After four and a half hours of discussion, the City of Fitchburg voted to keep the Boys and Girls Clubs on Allied Drive’s funding in their operating budget.

The City of Fitchburg’s 2017 proposed executive budget includes an allocation of $50,000 to the Boys and Girls Club of Dane County to transport and feed kids at its Allied Drive location. A proposed amendment would have removed that funding from the budget and placed the money, along with $10,000 allocated for Badger Prairie Needs Network, into a fund administered by the eight-member Community Economic Development Authority (CEDA), which would then decide how to allocate that money. The vote on that amendment failed.

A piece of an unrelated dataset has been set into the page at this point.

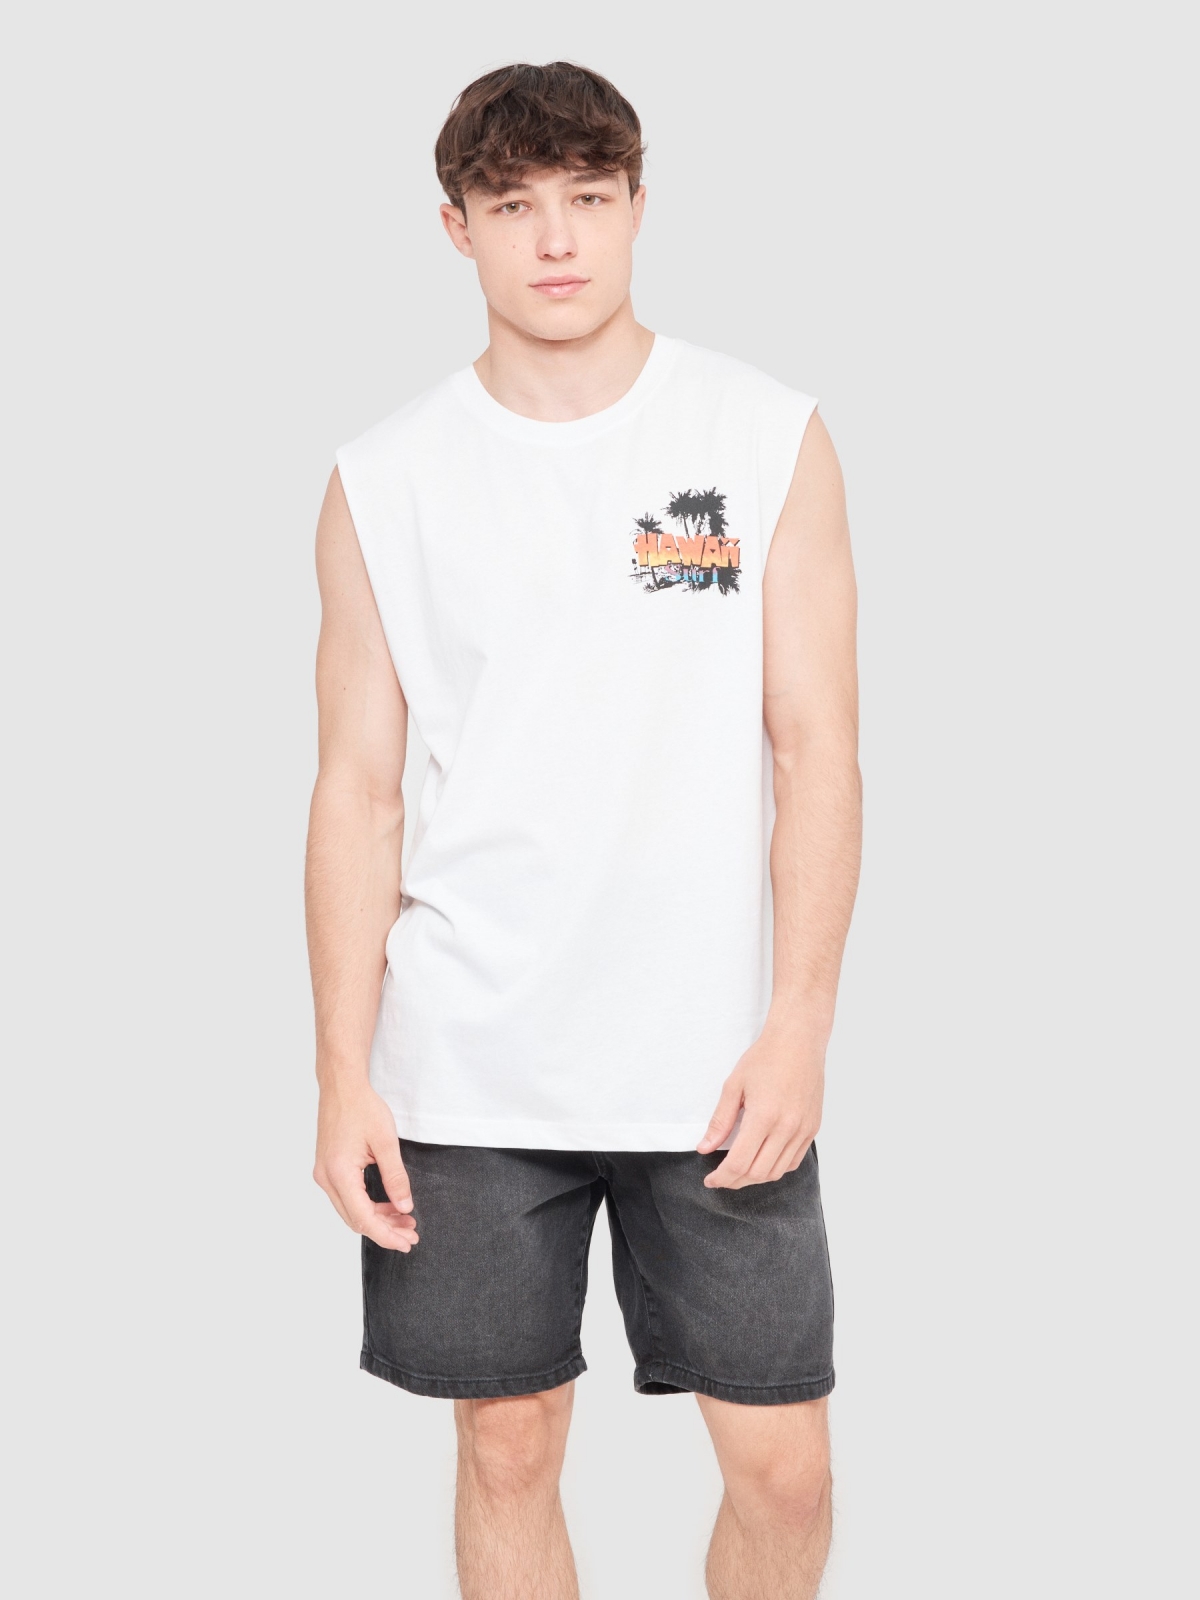 Camiseta desmangada Hawaii blanco vista media frontal

“I think it was unfortunate that we even had to go through all that,” Boys and Girls Club President and CEO Michael Johnson tells Madison365. “The original amendment was very clear and would have called on us to compete for funding that we already got every year.

Michael Johnson
Michael Johnson

“The City [of Fitchburg] came to us five years ago and said the Parks and Recreation Department didn’t have the capacity to provide these services and told us that we were actually saving them money because we were here,” Johnson adds. “They said, ‘you’re actually providing the services because you are here and we want to help pay our fair share like the city of Madison does.’”

A large crowd of 256 Boys and Girls Club of Dane County supporters overflowed the City of Fitchburg meeting last night opposing the budget amendment that would pull funding from the club. Many of the testimonials got very personal and very heartfelt.

“There were CEOs of Fitchburg businesses, Boys and Girls Club alumni, grassroots community leaders, and undocumented Latino students who spoke of their support,” says Johnson. “It was amazing. It was my understanding that they’ve never had that many people come out to oppose an amendment like that.”

Johnson says the $50,000 for them in the budget represents 18 percent of the club’s operating budget. “We provided 17,000 meals last year. I would either have to cut the number of meals that I was serving kids,” he said. “I would have to cut tutorial support or staff and I would have had to cut some of our transportation routes of kids that we pick up from school.”

After the initial amendment failed. Alder Patrick Stern introduced an amendment with new funding without any policy changes which every alder voted in favor of except for Alder Julia Arata-Fratta.

Arata-Fratta feels like she has been misunderstood and misrepresented during this whole debate.

Julia Arata-Fratta
Julia Arata-Fratta

“What I am trying to do is to have a process because this is taxpayer money,” Arata-Fratta tells Madison365. “My duty as an alder is to monitor the taxpayer money. We are simply trying to move the fund from a general fund to a grant fund and then every organization goes through a process. We don’t have that now.

“We need to have a transparent process for this. Every organization when they go to look for money, they go through a grant process. There is a procedure. This is what I tried to do, and people took it all the wrong way,” she adds. “This is Fitchburg taxpayer money. It’s levy money. We believe in the mission of the Boys and Girls Club. Nobody is against them, but we need to have a process.”

Arata-Fratta feels that she and other alders were the victim of an intimidation campaign and is saddened by the accusations that have been levied against her on social media, the past few days especially. “That was no good. You know me and you know my work with Latino Chamber and in the Latino community. I work for minority rights. I am part of that,” she says. “I’m disappointed. I just want to be clear, though. I don’t want to defund anything. I just want to have a transparent process. We need to have checks and balances.”

With this behind him, Johnson says that he will begin to advocate for the Fitchburg Fire station (#2) to be turned into a community center. “The fire department I believe is moving out in July. It’s a beautiful building and it’s in a residential area,” he says. “We are going to lobby the Council to, instead of building a new community center, use that as a community center and to be able to serve all of those kids at King James Way.”